## The problem
With the pictures removed, write out the full listing below exactly.

## Data provided
/---

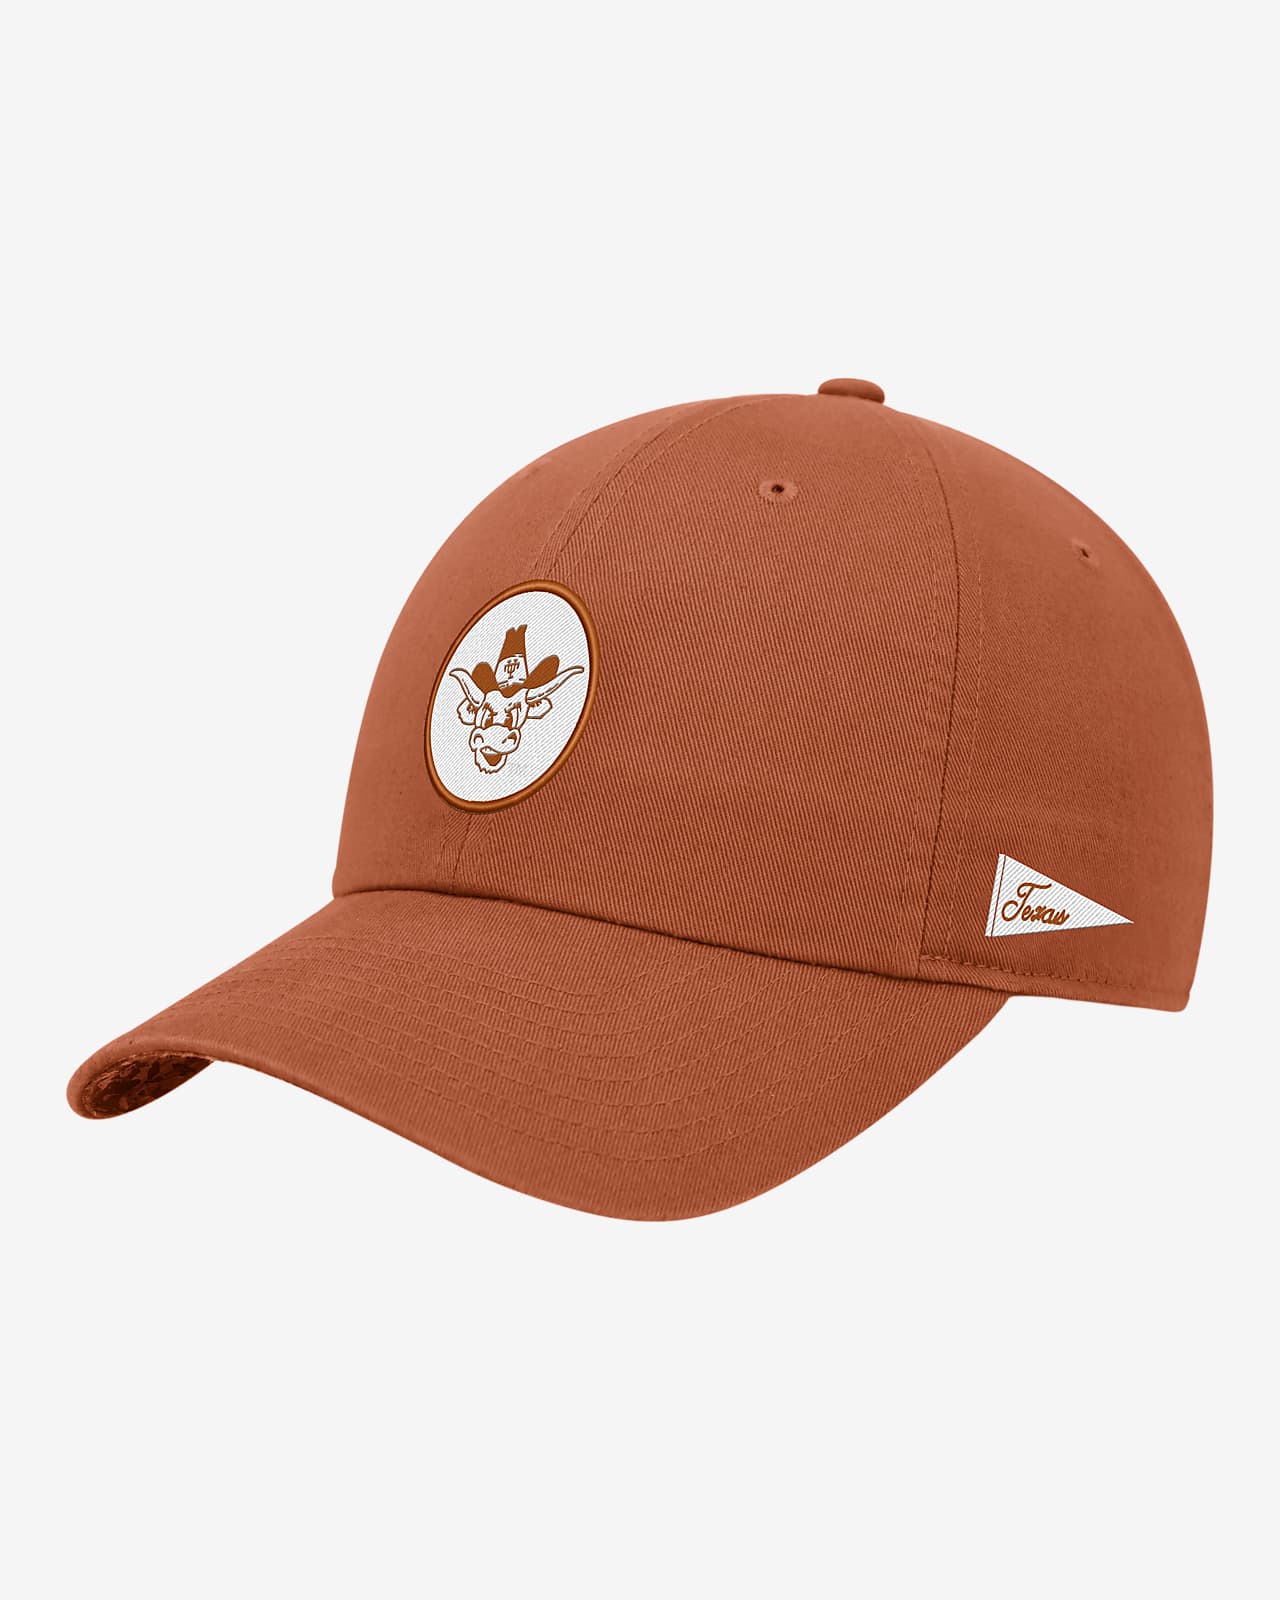 Gorra universitaria Nike ajustable con logotipo de Texas
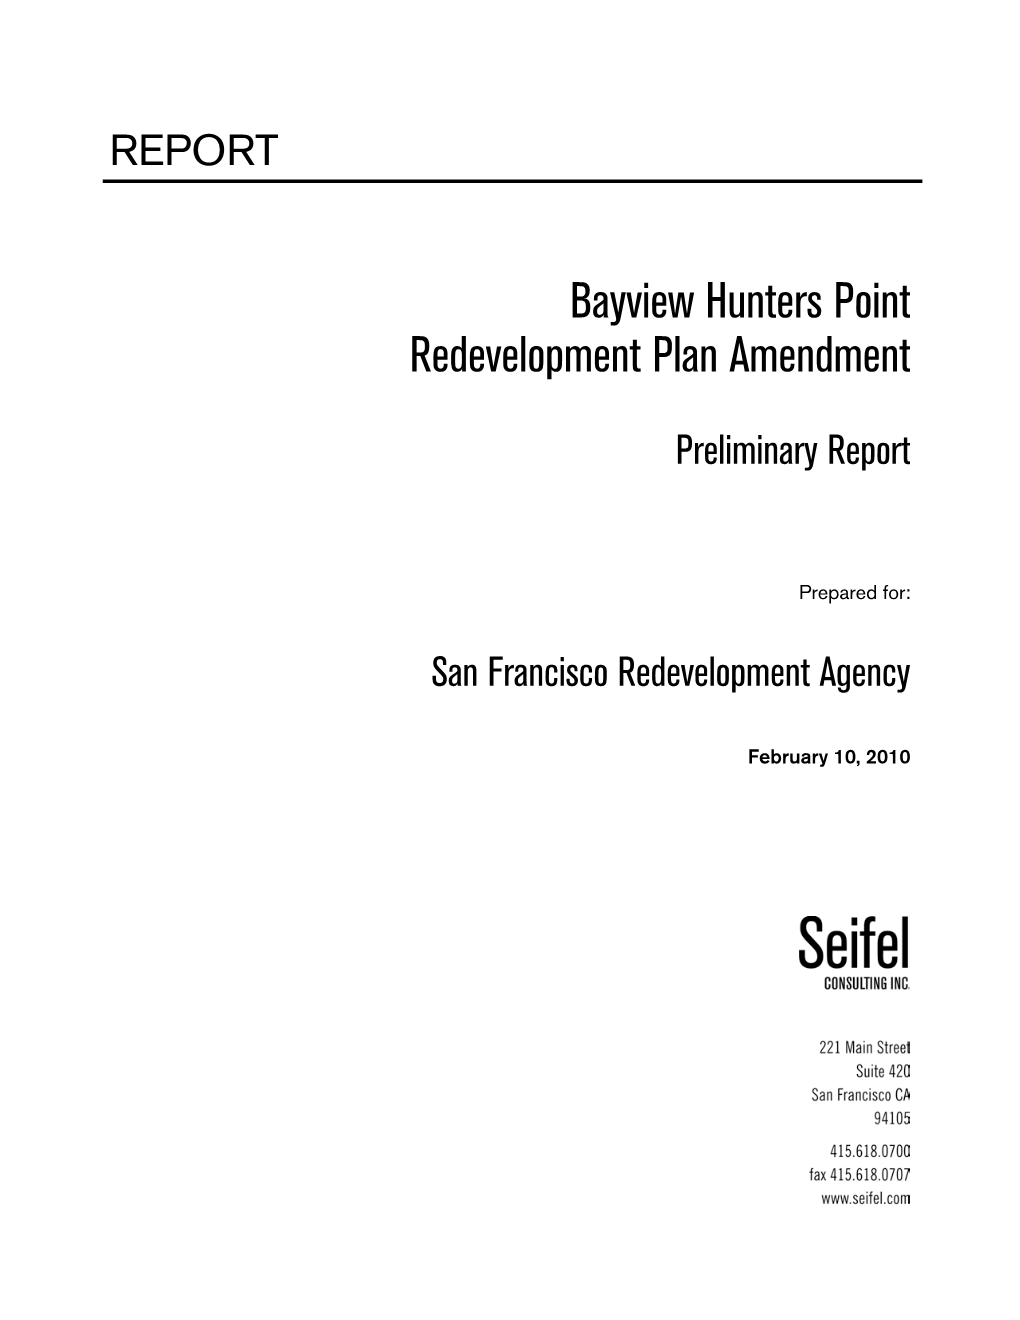 Bayview Hunters Point Redevelopment Plan Amendment
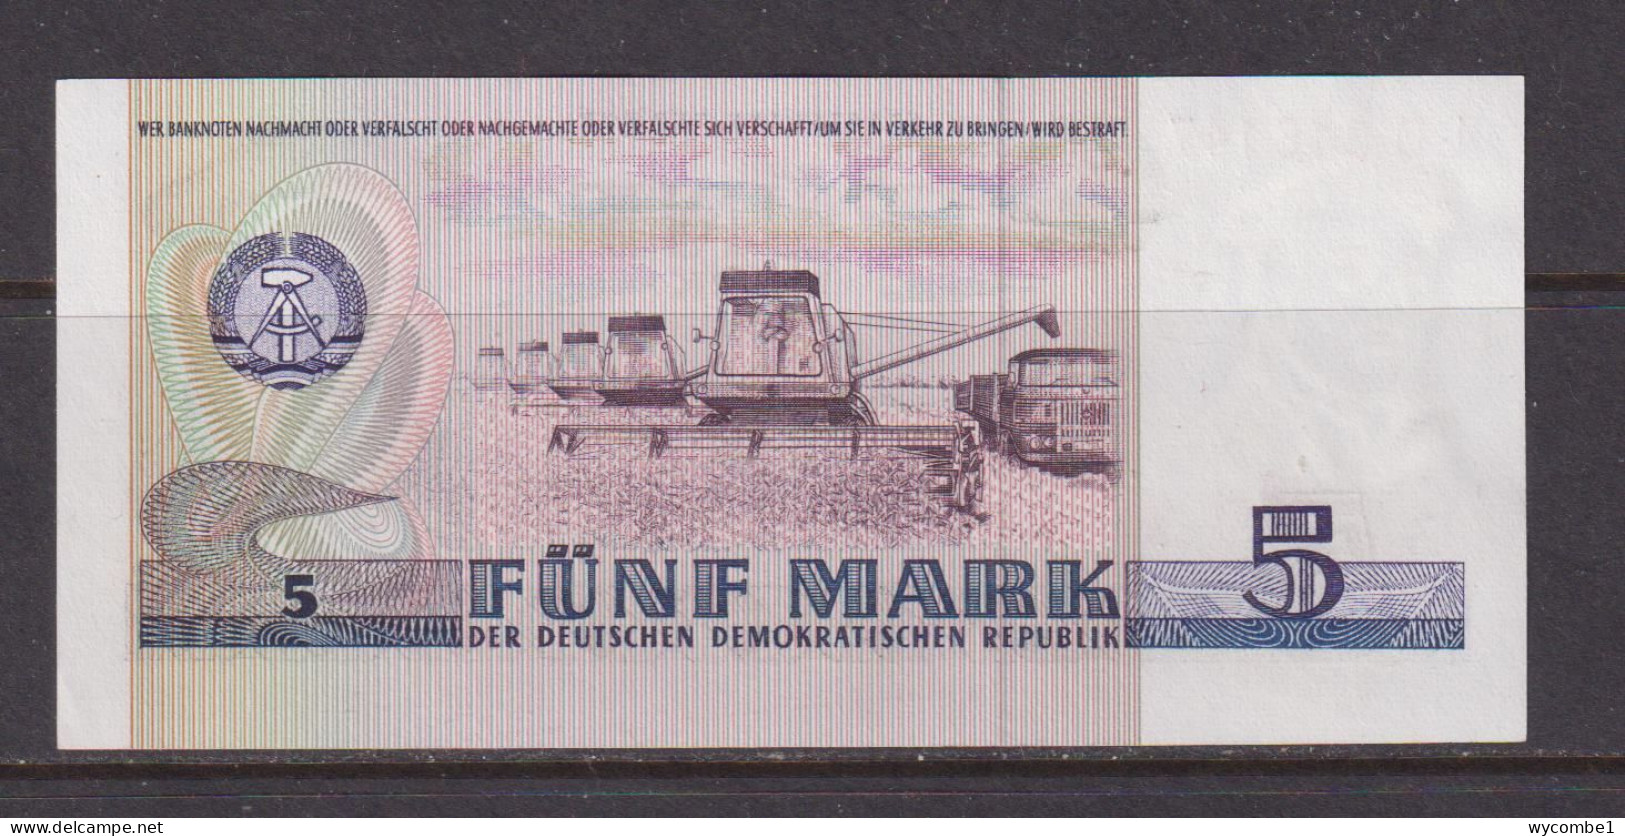 EAST GERMANY -  1975 5 Mark UNC/aUNC  Banknote - 5 Mark
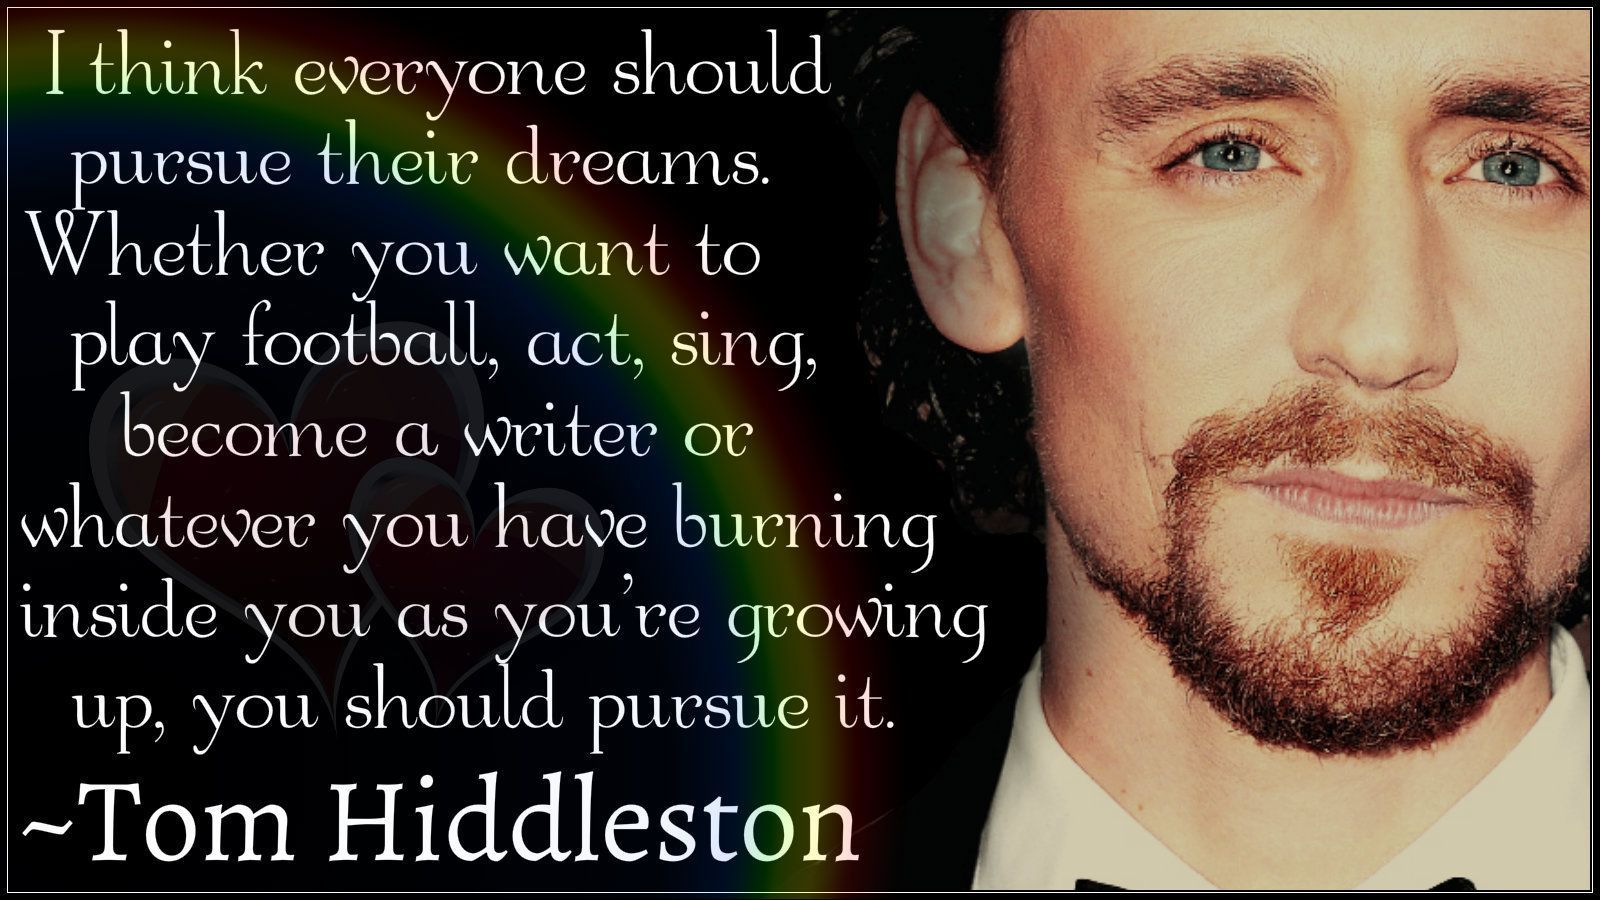 Tom Hiddleston - Tom Hiddleston Wallpaper (36941895) - Fanpop

\---

## Answer box
 Gorra universitaria Nike ajustable con logotipo de Texas
 Bayview Hunters Point Redevelopment Plan Amendment
 EAST GERMANY -  1975 5 Mark UNC/aUNC  Banknote - 5 Mark
 Tom Hiddleston - Tom Hiddleston Wallpaper (36941895) - Fanpop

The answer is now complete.